Воспоминание об армейской службе
На таком самолёте мне приходилось летать в начале 60-х годов прошлого века.
В Советском Союзе известный завет Ленина «Учиться, учиться и ещё раз учиться» свято соблюдался, поэтому образование мог получить каждый желающий совершенно бесплатно, а при хорошей успеваемости ещё и стипендию платили. И это не для того, чтобы потом сидеть «манагером» в офисе в белой рубашке при галстуке, как стремятся сейчас многие, а чтобы приносить реальную пользу на производстве.
Как-то раз, будучи уже зрелым человеком, я подсчитал, что за свою молодость, в общей сложности, учился около двадцати лет. Сначала, естественно, средняя школа, потом техническое училище, институт. Университет марксизма-ленинизма, курсы экскурсоводов, ДОСААФ и Гражданской обороны. Учился я даже… в армии, весь первый год срочной службы проходив с конспектами как студент.
И на службу попал я довольно интересно. После медиков предстал, как водится, перед призывной комиссией. Военком и говорит: «Ну что, товарищи, среднее образование имеет, здоровье хорошее. Есть предложение определить на флот». Возражений, естественно, не было.
Ну, думаю, вот это попал! Это же служить мне придётся не три, а целых четыре года! Но, делать нечего. Назначили в команду, сообщили дату явки в военкомат для отправки в часть. Когда явился и увидел, как их тогда называли, «покупателей», совсем духом упал: капитан третьего ранга, а с ним старшина с надписью на бескозырке «Северный флот». Только этого мне не хватало! Из солнечного Крыма да аж за полярный круг! Как говорится, к белым медведям. На меня даже вроде как северным ветром пахнуло. Однако тут же появилась надежда. Объявили, что будут по одному вызывать на собеседование и даже спрашивать о желании служить на флоте. Мы начали между собой совещаться. Мнения, как говорится, разделились.

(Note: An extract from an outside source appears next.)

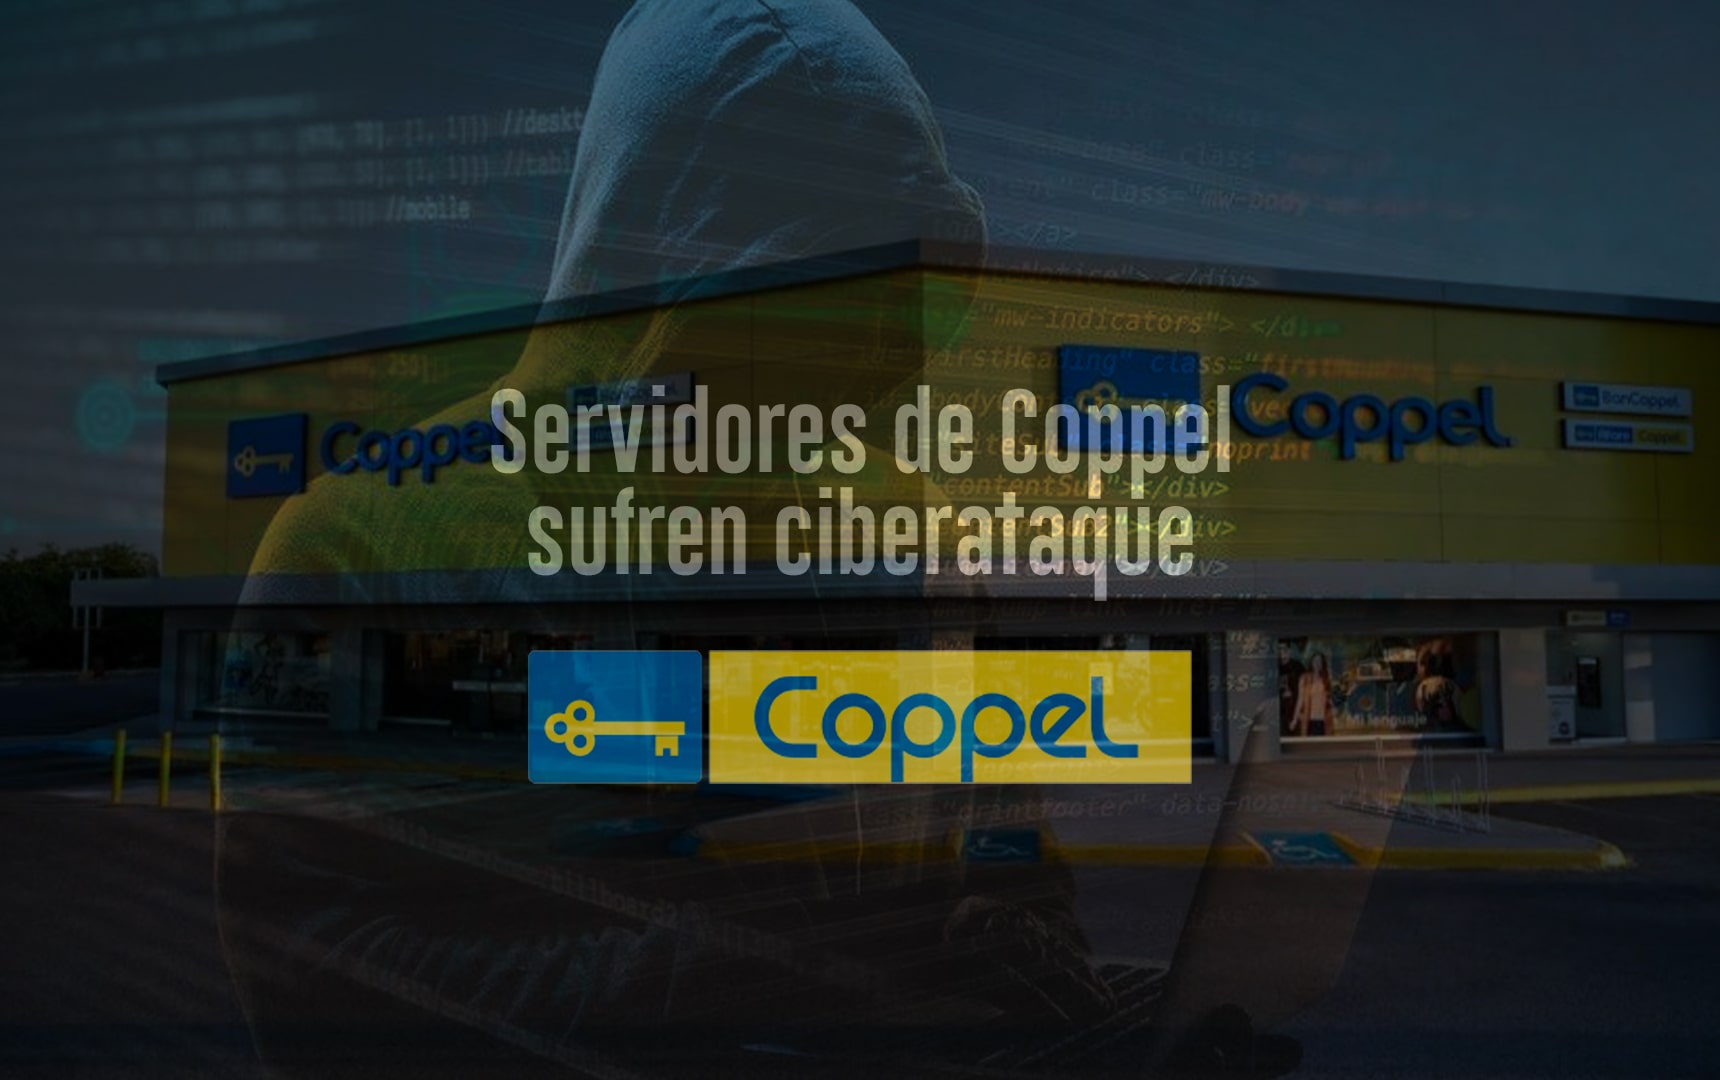 Coppel servers suffer cyber attack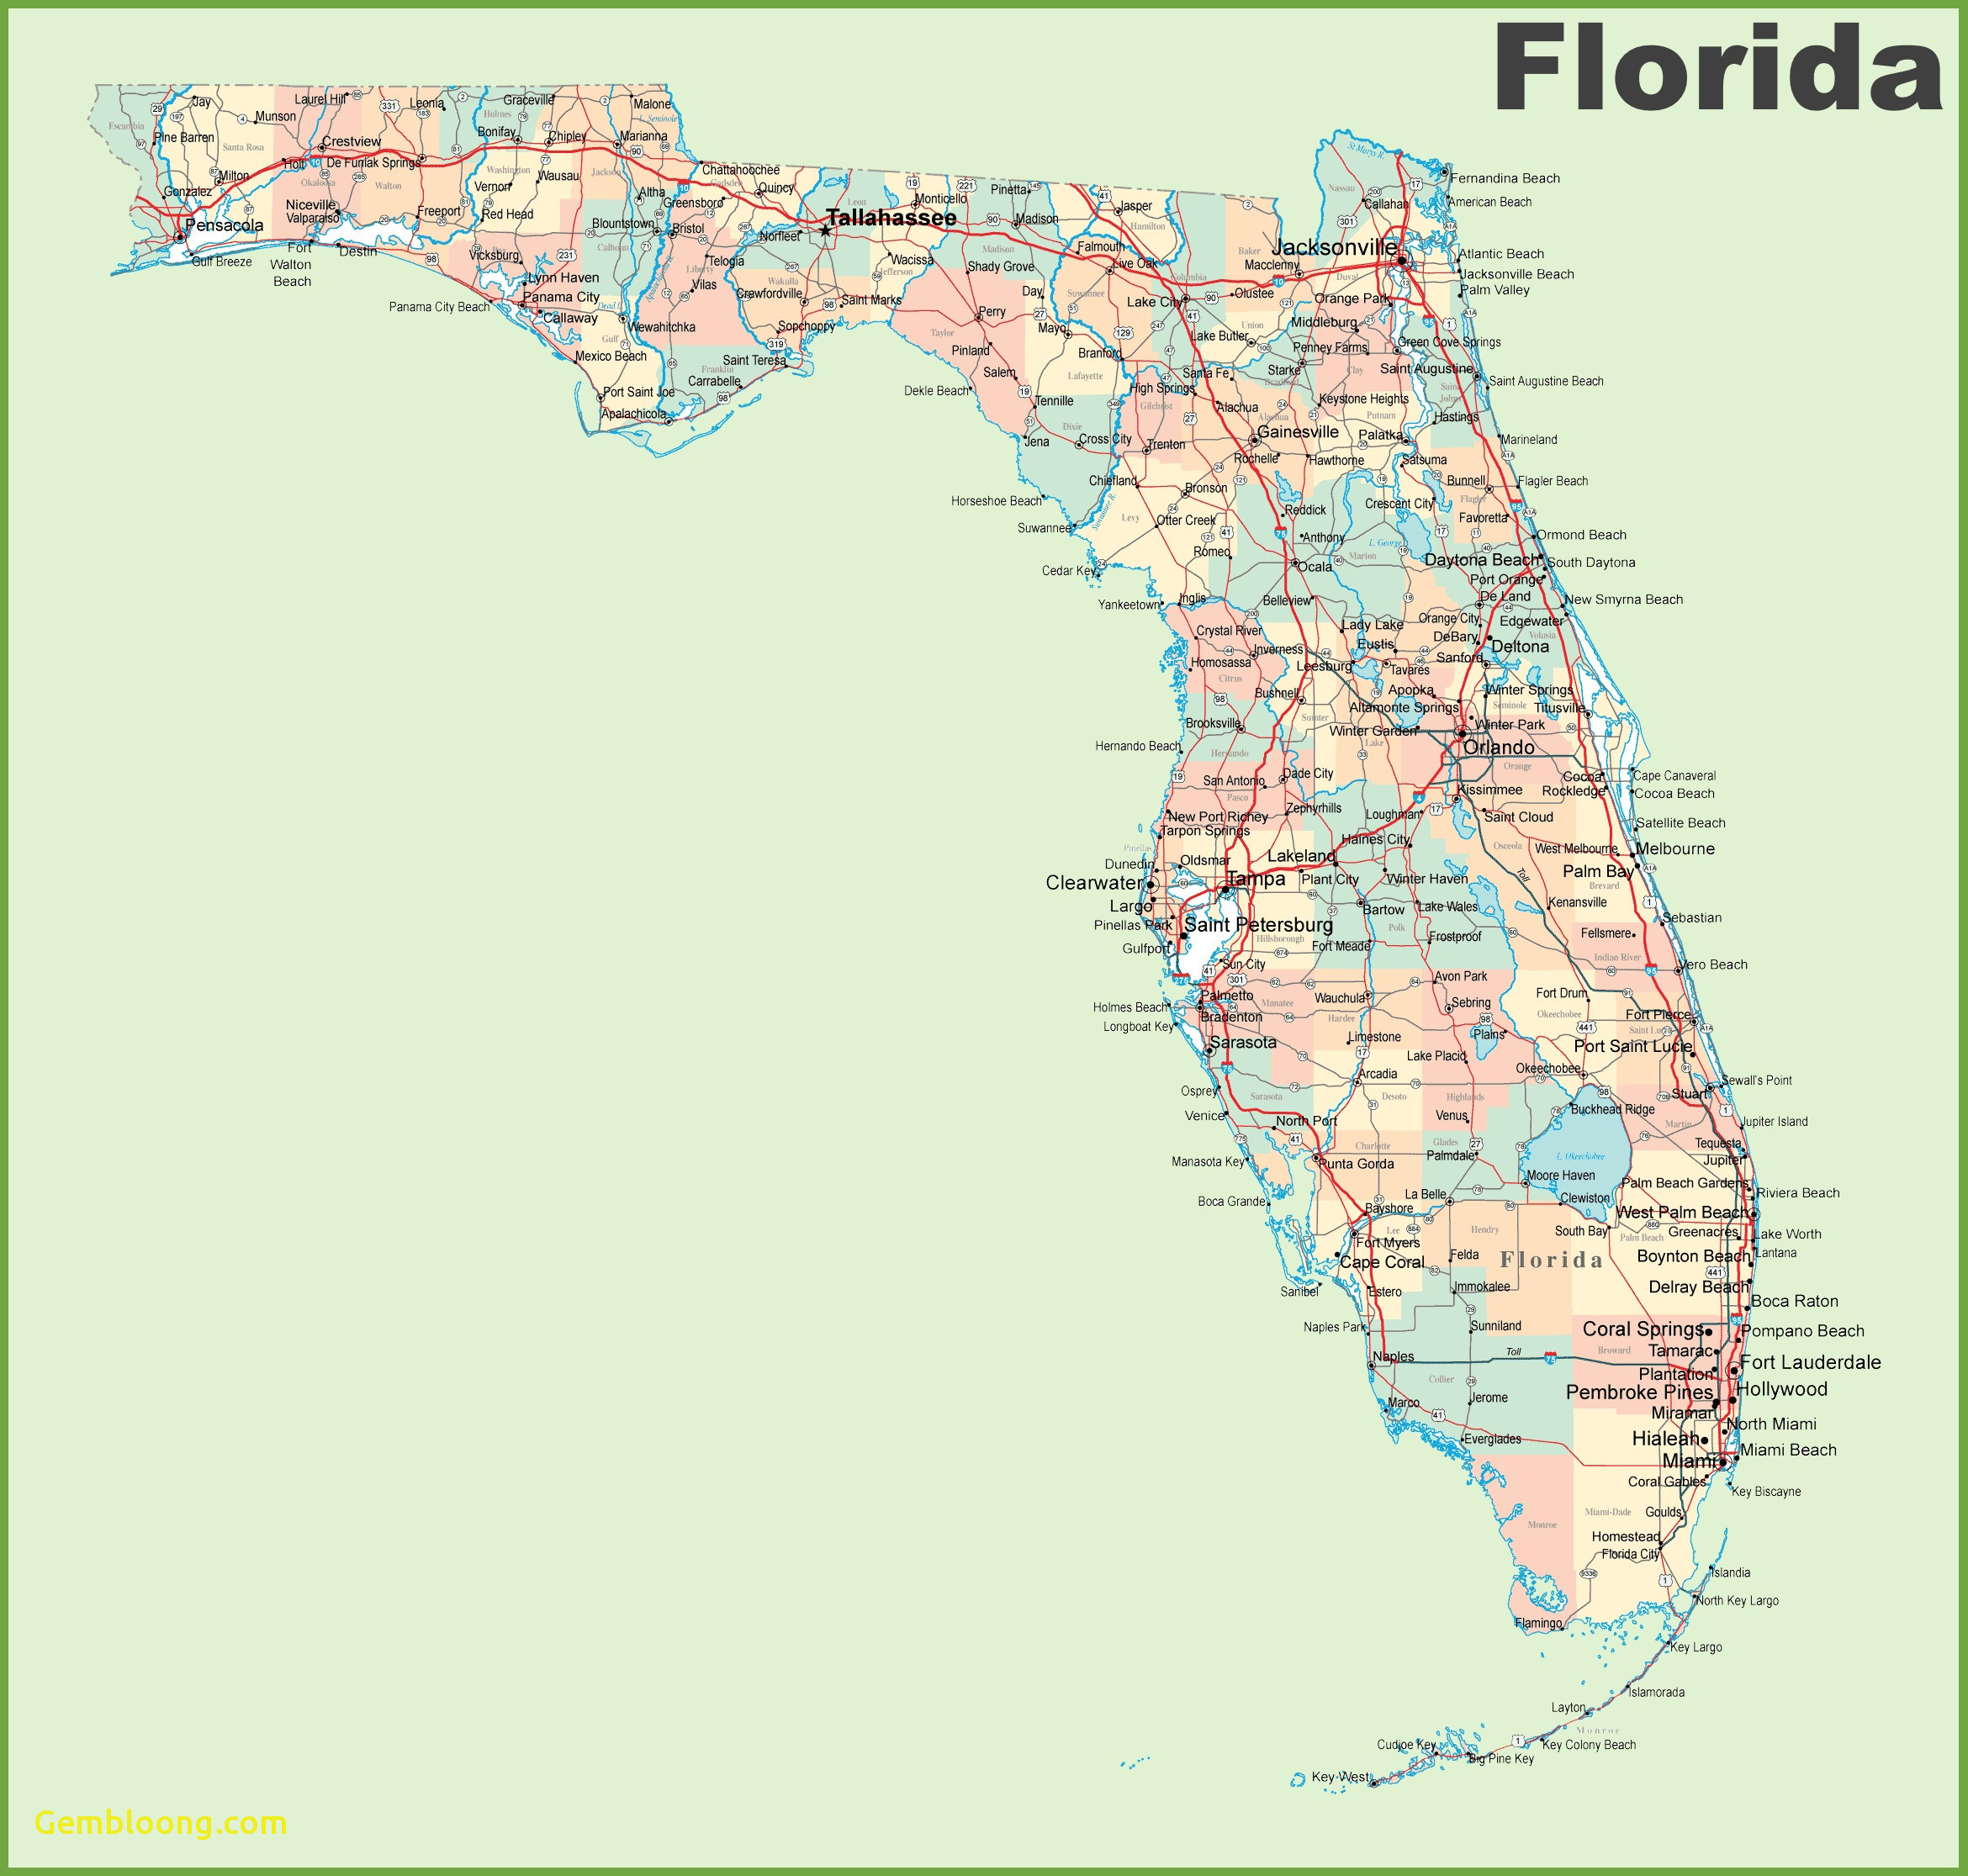 Cocoa Beach Florida Map From Etiforum 1 - Ameliabd - Cocoa Beach Florida Map

Некоторые боялись, а ну как откажешься, так тебя и будут потом в хвост и гриву с песочком драить. Мой товарищ по тех училищу, оставшись в команде, так и оттрубил все четыре года на Северном флоте. Наверно, форма нравилась. А мы вдвоём с новым товарищем всё же решились. Будь, что будет, но откажемся. Получилось. Назначили в другую команду. Попали, как оказалось потом, тоже не близко. От белых медведей да к бурым, то есть аж в Сибирь, да ещё, вдобавок, в авиацию. Вот это да! Из огня да в полымя! Ну, думаю, ничего, зря, что ли мы с одноклассниками с парашютной вышки прыгали, пригодится. Так и получилось.
До места службы добирались чуть ли не неделю. Заехали аж за Енисей. Там находилась авиашкола по подготовке воздушных стрелков-радистов. Однако до полётов было ещё далеко. Сначала пришлось попотеть на земле, точнее, на снегу: незабываемым событием во время курса молодого бойца стал лыжный кросс на десять километров. Народ в школе был со всех концов Союза, южан тоже было не мало. Для них кросс стал довольно серьёзным испытанием. Справились далеко не все. Лично мне было не так уж и трудно. Обогнал на лыжне не меньше десятка товарищей. Всё это благодаря двум обстоятельствам. Зимы в 50-х годах в Крыму были довольно снежными, и можно было вдоволь покататься не только на санях и коньках, но и на лыжах, которые, правда, были у считанных единиц, так как стоили очень недёшево. А мне мой любимый дядечка подарил свои, ореховые, таких не было ни у кого. Так что я, хотя ходил на лыжах и немного, но чувствовал себя на них сравнительно уверенно, во всяком случае, они для меня не были в новинку, как для некоторых других.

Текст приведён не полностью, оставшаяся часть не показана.